3.04.2013

Billy Wilder: Double Indemnity


The USPS recently issued a set of four stamps honoring great film directors and the films for which they are most remembered. The four selected are: John Ford (The Searchers), John Huston (The Maltese Falcon), Frank Capra (It Happened One Night), and Billy Wilder (Some Like It Hot). We shall explore the lives and work of these directors. In this post LR Simon discusses The Double Indemnity (1944).


James M. Cain’s 1935 novella Double Indemnity centers on a murder plot by a woman (Phyllis Dietrichson, played by Barbara Stanwyck) and an insurance agent (Walter Neff, played by Fred MacMurray) with whom she has an extramarital affair. They meet when Neff makes a house call for a routine renewal of an automobile insurance policy. Dietrichson asks him how she could take out an insurance policy on her husband without his knowledge; he realizes she’s plotting murder and wants nothing to do with it. She shows up at his apartment and persuades him to help her. He goes along with the plot, beginning with getting Mr. Dietrichson to sign an insurance policy that includes a double indemnity clause that doubles the insurance payout for accidental death.

The complicated plot is handled deftly by co-writers Billy Wilder and Raymond Chandler. Wilder and Chandler had a prickly relationship during the writing of the screenplay. Chandler had assumed that he would write the screenplay alone, and asked for a sample script for use as a formatting reference. Wilder thought the result was largely unusable with the exception of some lines of dialogue, and explained that they would have to work together. Wilder considered the collaboration to be helpful and that “[w]hat we were doing together had real electricity”. He considered Chandler a great writer, but not a great screenwriter. Chandler’s view of Wilder was considerably less charitable.
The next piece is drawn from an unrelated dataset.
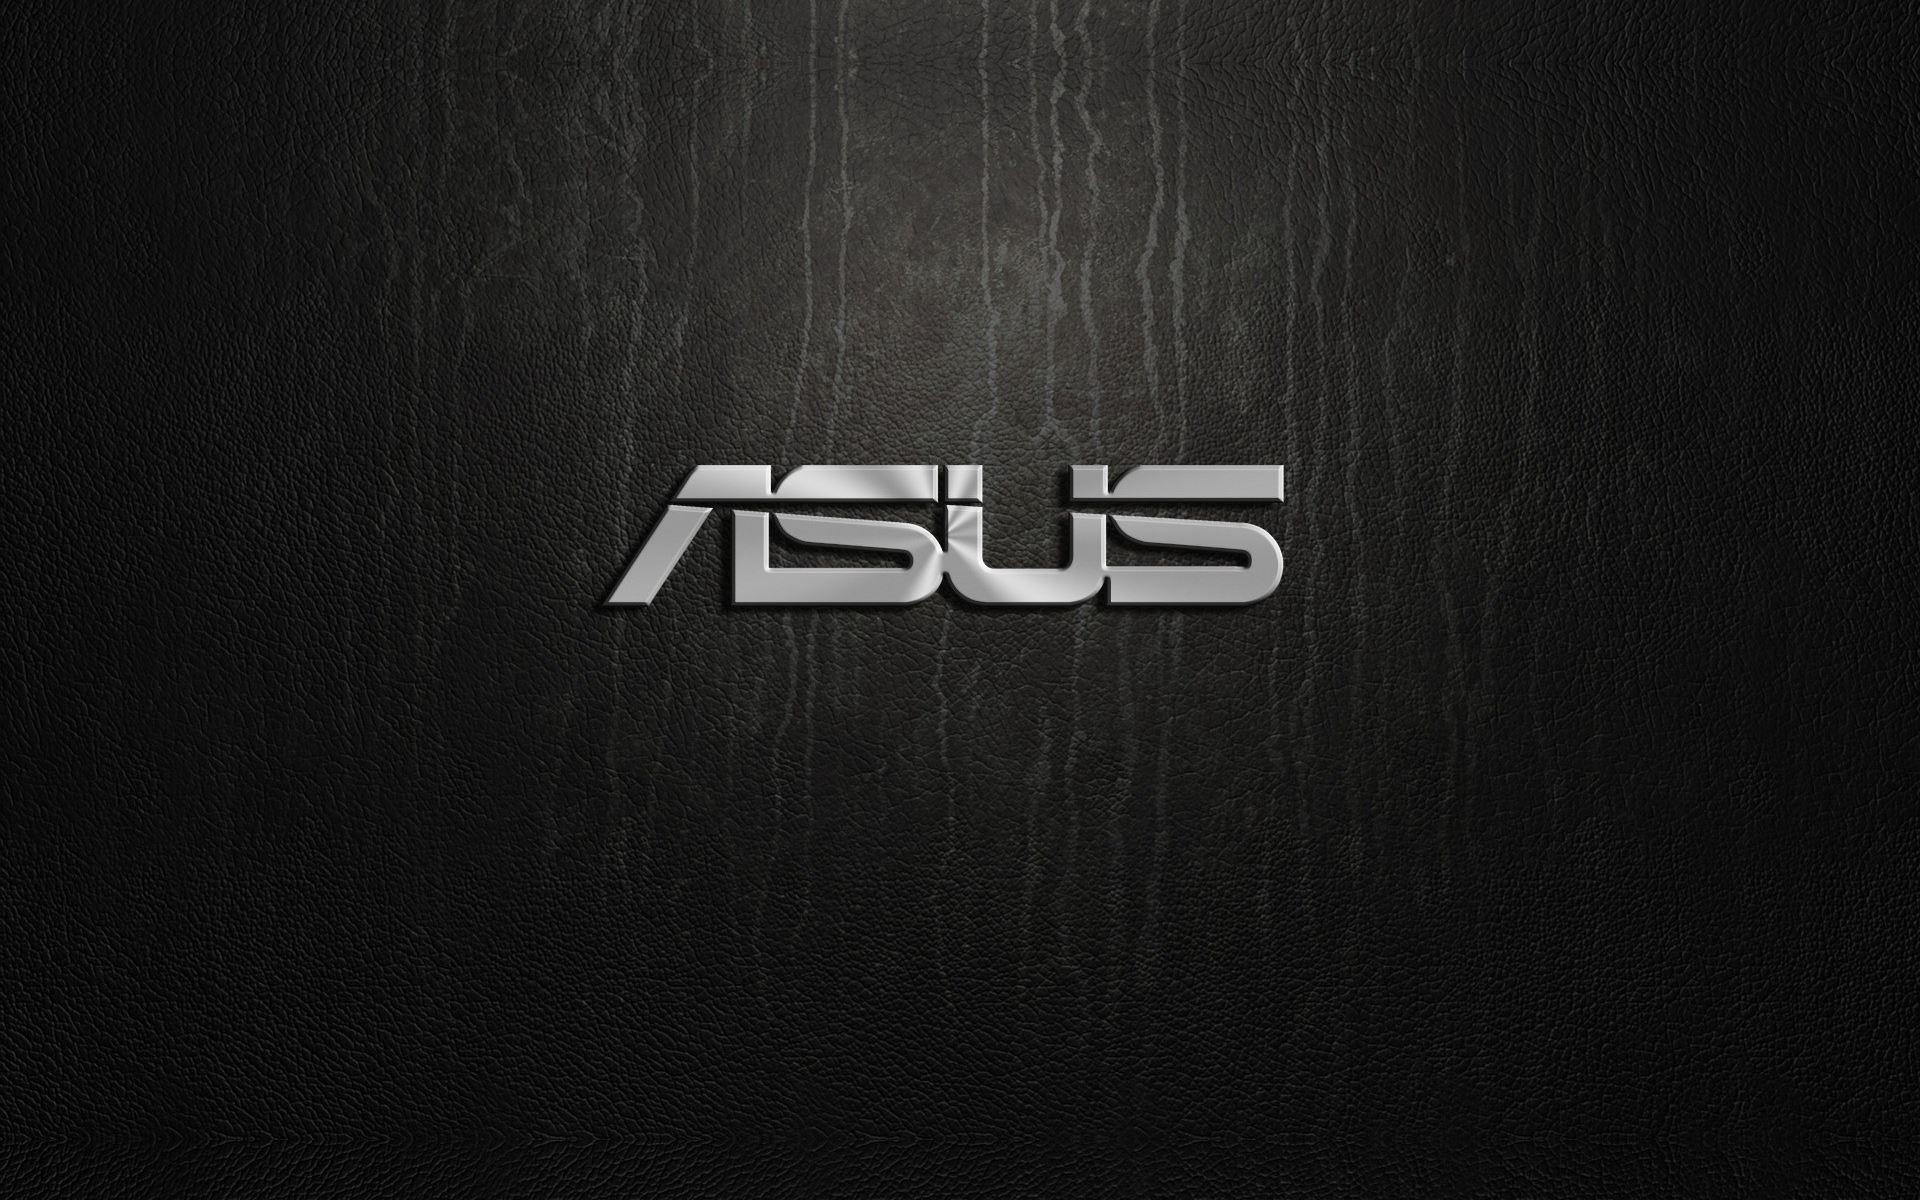 Asus silver logo on black background wallpaper download

Double Indemnity drew great interest from several studios shortly after its publication, but when Joseph Breen of the Hays Office sent a message to the studios that the nature of the characters and plot would render the story unfilmable, all offers on the story were withdrawn. Of concern to the Hays Office were plot elements dealing with adultery, depicting the method of committing a murder, and the original ending, which involved the two main characters committing suicide. When Wilder took on the task of adapting the story to film, he altered the story to have Neff sent to the gas chamber for murdering Dietrichson and conspiring with her to murder her husband. The Hays Office considered the gas chamber scene too gruesome to pass muster with the local censorship boards; Wilder realized, however, that the film really ended at the familiar scene at the elevator, with Neff dying in colleague and mentor Barton Keyes’ (Edward G. Robinson) arms.